Friday, February 08, 2013

Results Are In

I scored 46/50 on yesterday's test.  The test was open book/notes, but on the bad news is that there are no bonus or extra credit points on it to make up for the goofy errors I made.  I'm still satisfied with the results.

Grades in that course come 90% from tests and 10% from a project.  My instructor approved my project yesterday:  I'm going to try multiple regression to determine if I can predict an NFL team's score in a game if I'm given only total yards, total number of offensive plays, and number of turnovers.  If my model works, I can try it out next season as a predictor for which teams should win--and see if I get over 50/50.  If nothing else, it's fun :)

6 comments:

maxutils said...

You may have collineartity problems if you use both yards and plays ... you might also consider net turnovers rather than gross ... a team that turns the ball over 6 times should lose ... unless their opponent turs it over 9 times.

Darren said...

Actually, I'll use their opponent's number of turnovers.

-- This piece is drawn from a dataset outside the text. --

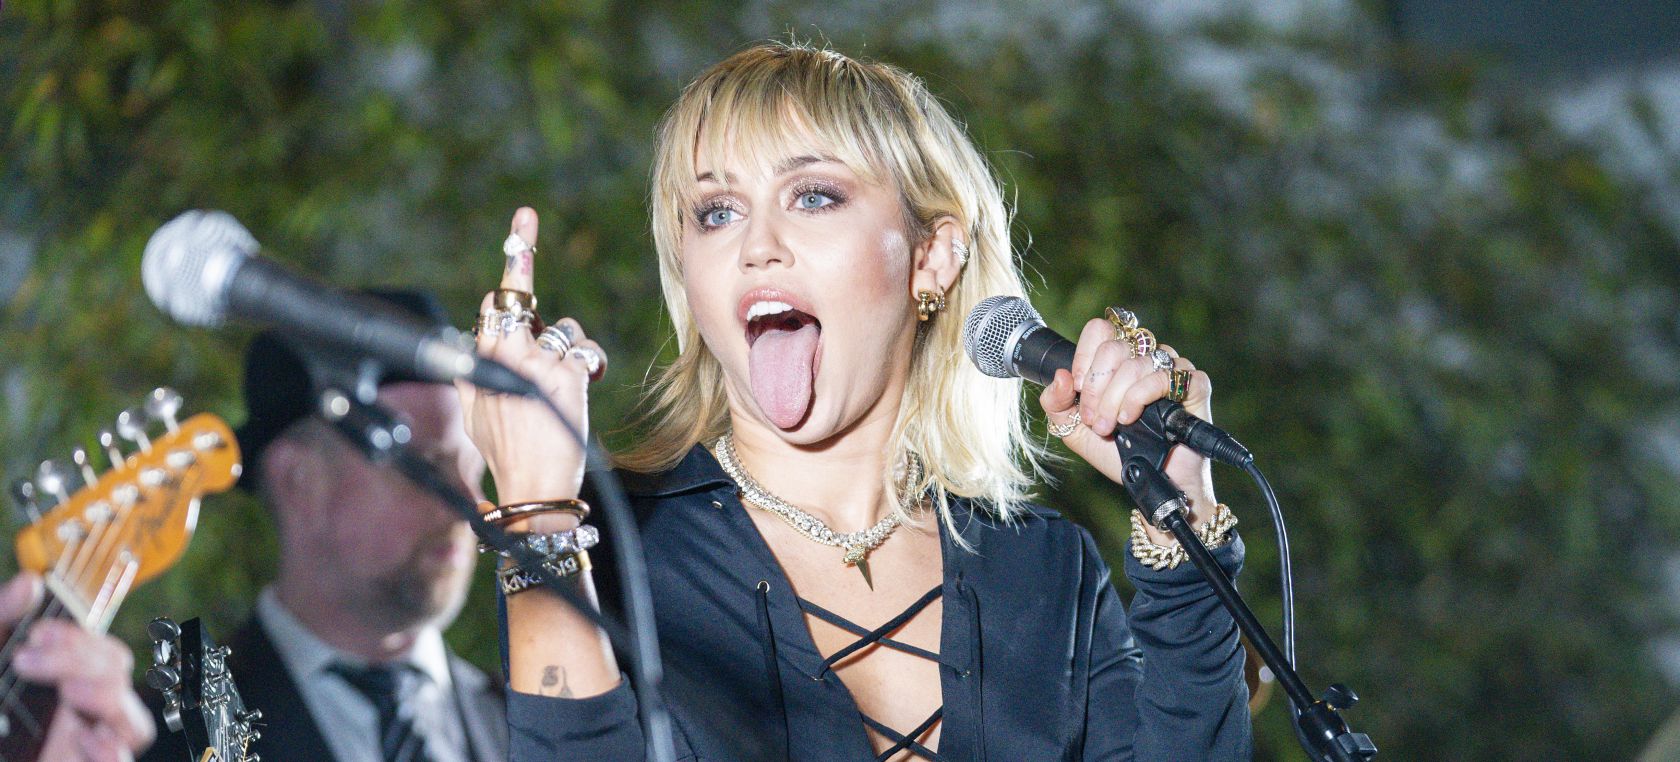 Miley Cyrus, C. Tangana, BTS, Dani Martín, Sam Smith… ¿Será alguno de ellos Nº1 este sábado?

I've considered the collinearity problems, just don't have anything better to use. I considered time of possession but our school's former football coach said number of offensive plays would be better.

maxutils said...

That's where the joy of composite variables comes in... having done my thesis in a similar area? My econometrics background taught me that the first thing a model should be is theoretically sound. Using two related offensive variables could seriously skew your results. why not use % of time possessed, multiplied by yardage, + offensive plays as one variable? Definitely more work. I have no doubt that turnovers are going to be statistically significant -- whether for, or against, or net -- but I bet you get the best result with net, second with opposing team, and last with home team. By the way, Bill James' Stats Inc. in Baltimore is where to go for data ...they will do it digitally for you.

Steve USMA '85 said...

So you are going strictly for predicting the score of the team you are gathering the stats for correct? Not concerned with the points scored by the other team by what you write. Looks like you are constrained by not knowing what the other team does.

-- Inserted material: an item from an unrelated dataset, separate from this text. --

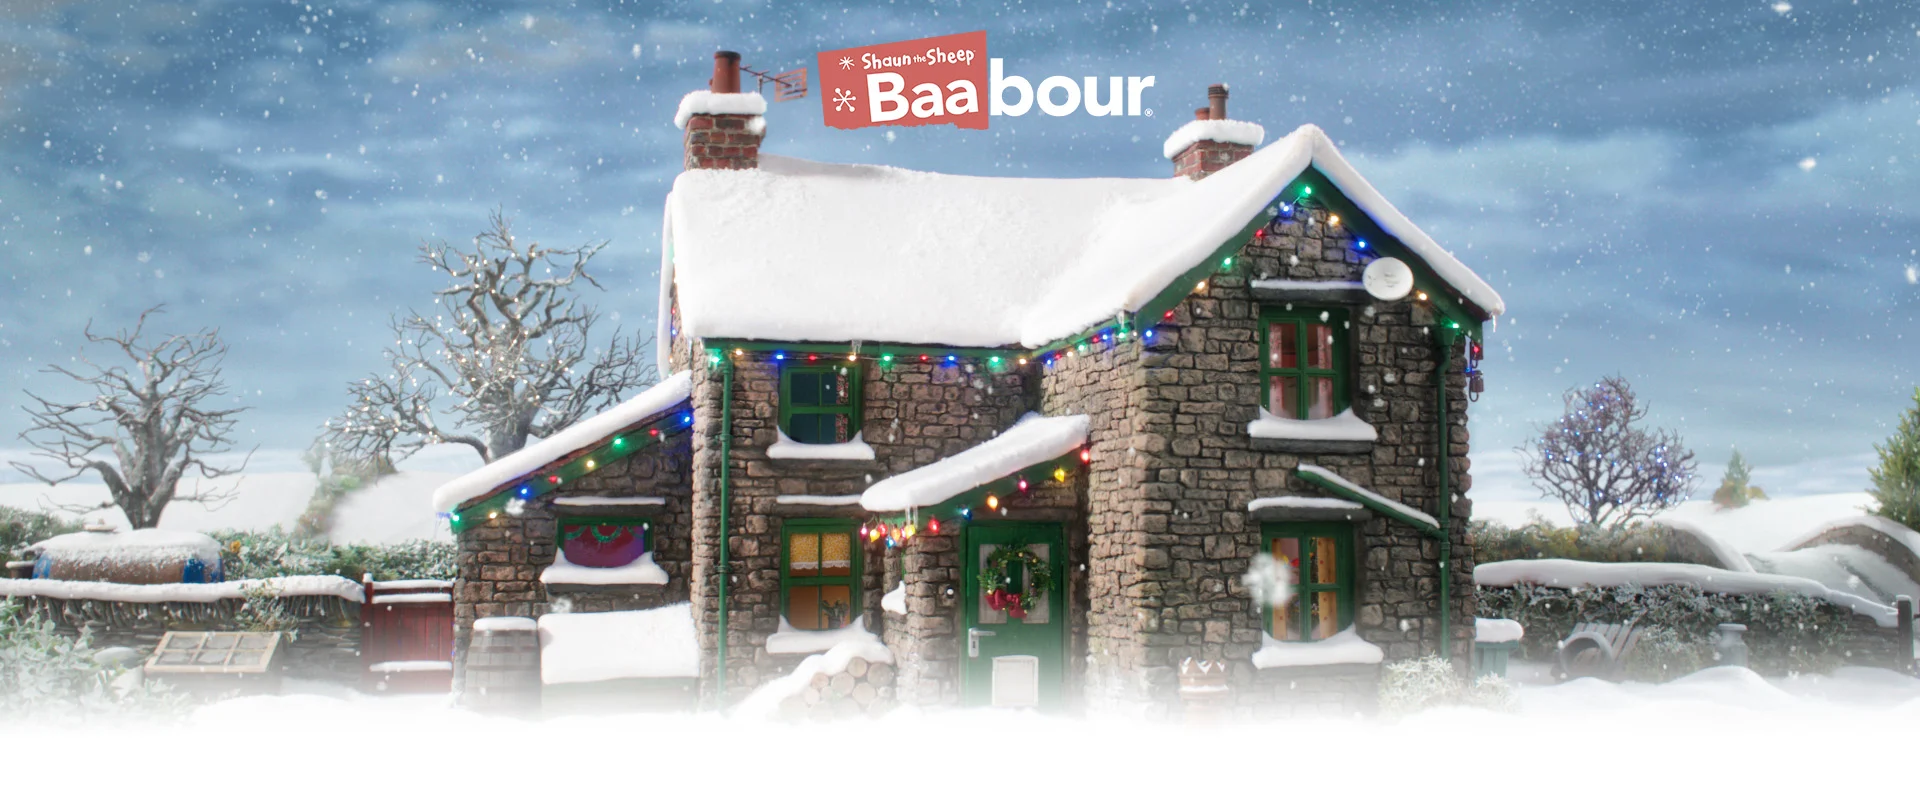 Baa-bour at Christmas | 1

What other variables do you have available? I would think stats such as number of receivers who caught a pass would be an indicator along with average yards/catch. Another indicator could be how the offense does compared to normal. Such as if they normally have 60/40 run/pass ratio, how close to that did they come? If they switch to 40/60, they are probably behind and need quick points to catch up.

As to turnovers, I don't know that this stat is a good statistic as to how many points you score as much as whether the team will win.

Of course, we all can analyze this to death. If there was a good predictor, Las Vegas would have figured it out already. Curious to see your results Darren. I've done similar projects over time as both student & instructor.

Anonymous said...

Darren: "Actually, I'll use their opponent's number of turnovers."

You want to use both, right? A turnover by your team would cost you points in any sane model, and a turnover by the other team would gain you points.

A question:
*) Does a team gain credit for "yards gained" when returning a fumble/interception?

NOTE: The model you are describing will apply for a game ... unless you expect there to be the ability to predict yards/plays/turnovers, then predicting a game before you have the stats won't work. Right?

-Mark Roulo

maxutils said...

Mark ... I had the same issue, but I think the idea is to use past stats to predict likeliness of wins ...a perfect fit would be to use net points scored as a predictor of wins. But now I sound like a geekier version of Troy Aikman.